GLENDALE, Calif. — From the moment Ronda Rousey started to break out as a star, it seems, there has been speculation as to when she’d leave mixed martial arts behind.
Maybe it’s because Gina Carano bailed at the first sign of Hollywood fame and never returned. Maybe it’s because Rousey’s charisma draws mainstream attention to a degree no one else in the sport can capture. Maybe it’s because of that hard-to-define “it” factor. Perhaps it’s all of the above.
But all this speculation misses that the UFC women’s bantamweight champion, first and foremost, loves to fight. That’s a point she went out of her way to make Monday at an open workout promoting her UFC 170 main event title defense against Sara McMann.
Rousey was emphatic when asked whether the promise of Hollywood riches will pull her away from the sport.
“I’m a fighter,” Rousey told reporters gathered at the Glendale Fighting Club. “I enjoy fighting. I was doing judo for a decade and a half for pretty much no money. If money was really was important to me, I might be a stockbroker right now.”
Of course, it wasn’t as if Rousey was being asked about a future outside the sport without reason. Just last week, her latest film projects were announced, as she’ll have roles in both “Entourage” and “The Athena Project.” Filming for the former begins in Los Angeles next month.
The way Rousey envisions an ideal life, she’ll continue to bounce between fighting and film making.
“I have two fights now and I’m doing them back to back and I take a lot of focus and a lot of energy,” Rousey said. “It would be nice to do something a little different, and miss it. By the time I do a lot of movie stuff, it would be, ‘oh my god, it’s cool and all,’ but I’m tired of getting my makeup done every day and they’re destroying my hair and I just want to get into the gym. … They both make me miss the other and I feel they both make me better at the other.”
Rousey believes a bit of mental synergy went helped forge her “Entourage” role. She says didn’t watch the show during it’s run on HBO, and only began watching it recently, when she was looking for a distraction from training leading up to her UFC 168 title defense against Miesha Tate.
“I wanted to watch something lighthearted, so I was like, you know what? I want to watch ‘Entourage,'” Rousey said. “Everyone talked about it, but I’ve never seen a single episode of Entourage. Let’s start watching it. Being that I don’t watch anything at all, so I was watching it and I was on the third season and it was after the Miesha fight and then I was asked about the movie. So it was funny, i was just, ‘I just manifested the s— out of that.'”

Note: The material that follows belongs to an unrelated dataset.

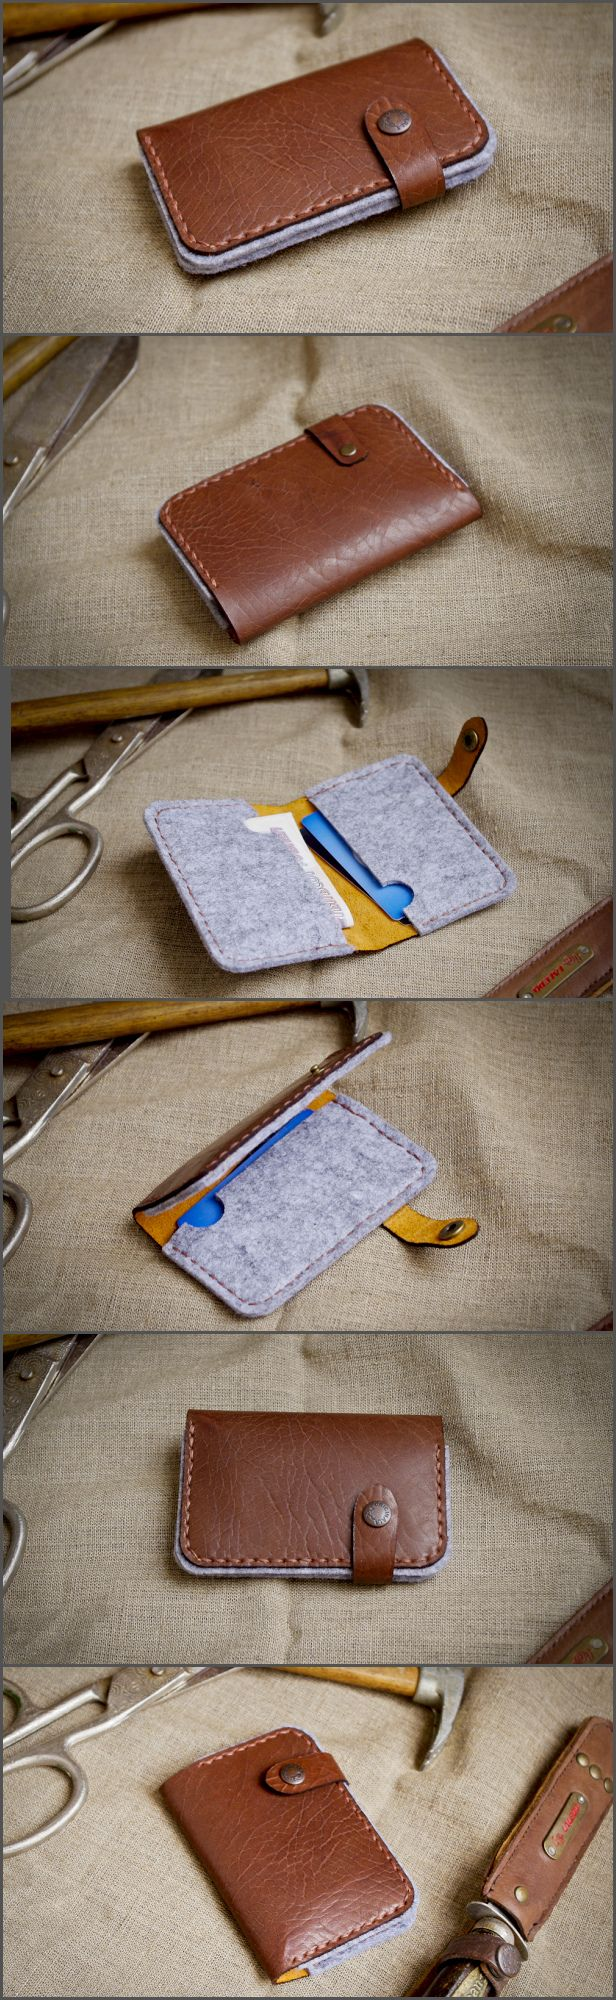 Визитница - картхолдер и по совместительству маленький кошелечек. Сделан в комбинации натуральной кожи и плотного листового фетра. Очень оригинального исполнения. Такого тут больше нет!  Прошито вручную вощеной нитью толщиной 1 мм.  Могу также сделать других цветов.  Легко помещается в карман рубашки или джинсов. Хорошая защита пластиковых карт, и защита от размагничивания! А так как фетр это те же валенки, ваши карты всегда будут в тепле и никогда не заглючат!  Отличный подарок любимому…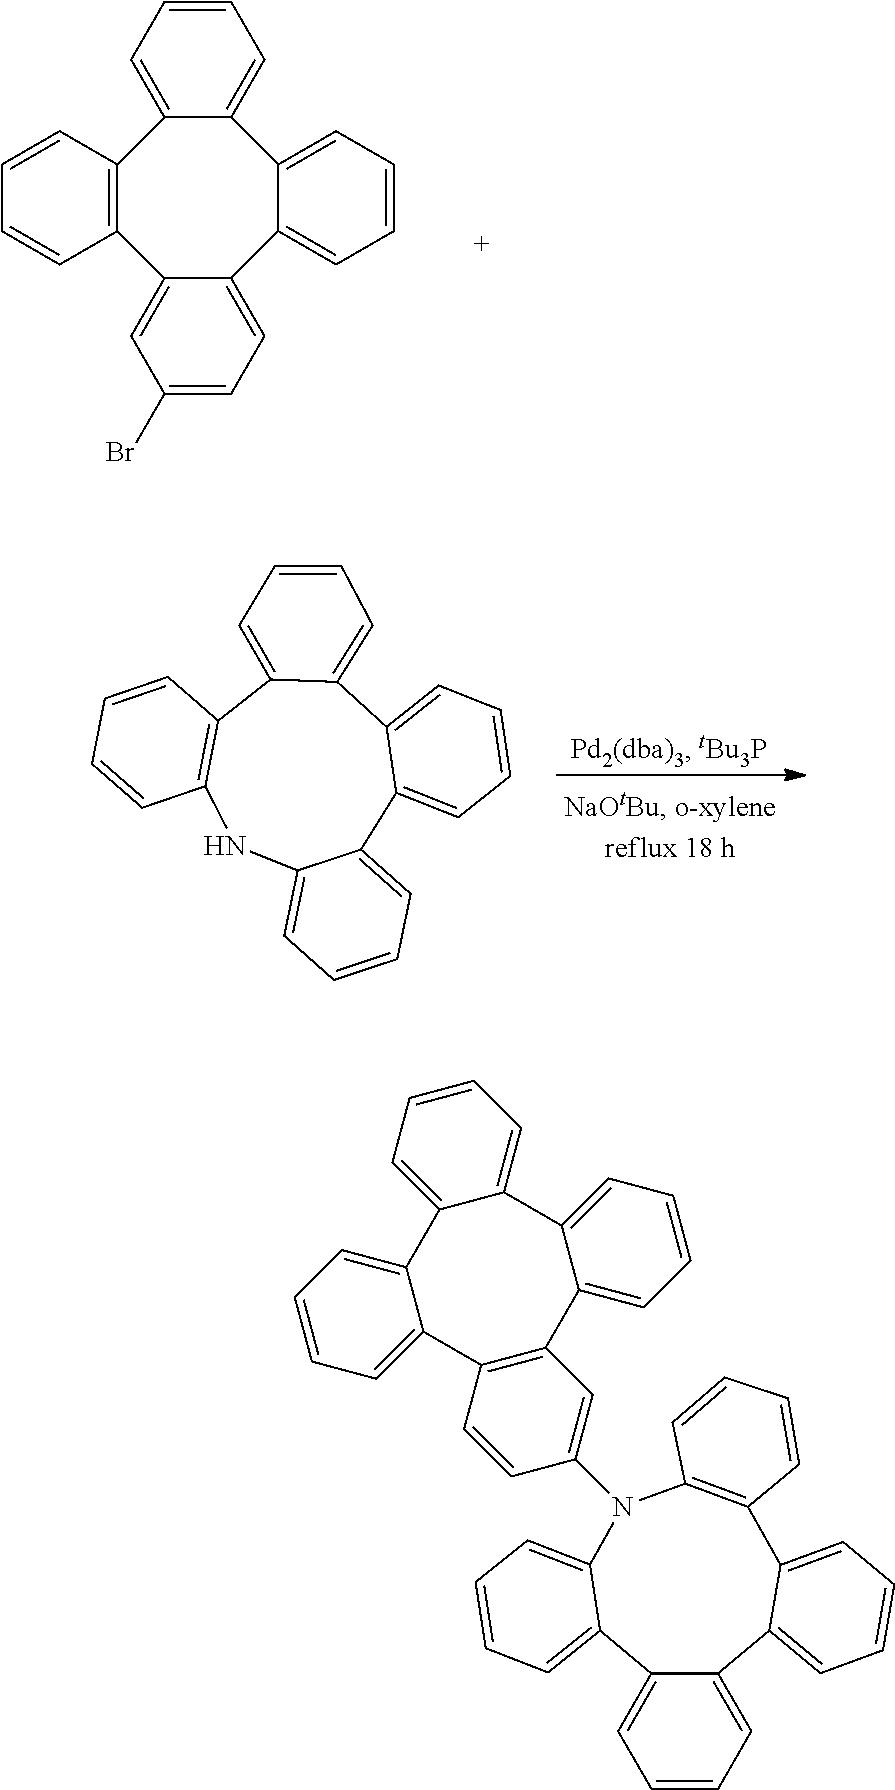 Figure US09978956-20180522-C00111

Of course, Rousey can’t get too wrapped up on her future movie roles at the moment, because she’s got someone intent on manifesting the s— out of her UFC title opportunity in less than two weeks.
On Monday, Rousey went through a workout far more intense than one usually sees at these sort of events, as if she was looking to prove a point. She tossed around a male sparring partner in the ring with crisp and violent judo throws that reverberated around the gym. In her boxing work, she got a bit out of control, just missing coach Edmond Tarverdyan with a left uppercut which would have crack him in the jaw had it been an inch closer, and rocking him backwards with a left to the midsection.
But the message was clear: Rousey’s in killer condition as she gets ready for her second fight in eight weeks.
“I came into this camp still in shape from my last fight,” Rousey said. “You know, I came in coming off two movies and I did my best to come out in shape and I was coming off 10 weeks without sparring or any of that. So, I started this one in shape and my coach is actually going through his notes from my last fight and we realized all my best performances are from when I’ve gone the shortest time from my last fight.”
What Rousey says she won’t do, however, is have a game plan, which on the surface seems strange, given the judo vs. wrestling storyline going into the bout.
“Fights are chaotic themselves,” Rousey said. “You can’t really expect much that’s why we don’t go in with a game plan. We plan out the first exchange, and we prepare of the tendencies of the other fighter, but we don’t really know. So, that’s hard to say, but, from what I’ve experienced in training is, the better the partners I’m with, the higher the skill level, the higher caliber of the athlete I spar against, the better I perform.”
Dig a little deeper, though, and you see the Rousey has in fact thought the game plan through, as she discusses the subtle-but-profound differences in judo throws vs. wrestling takedowns.
“Throws you have to muscle through are wrestling,” Rousey said. “The throws that happen effortlessly are judo. And so I didn’t use any strength to throw Miesha in that fight. I did have to use strength to throw Carmouche in that fight, and that’s why it wasn’t a pretty throw. But for Miesha it wasn’t strength. it was just a decade and a half of trained reflexes.”
Rousey’s eyes lit up as she discussed those difference. The “student of the game” type of excitement Rousey displays is enough to make you think that maybe she’s in MMA for the long haul after all.
“I just want to have enough money to do what I enjoy for a living,” Rousey said. “Right now what I enjoy is fighting.”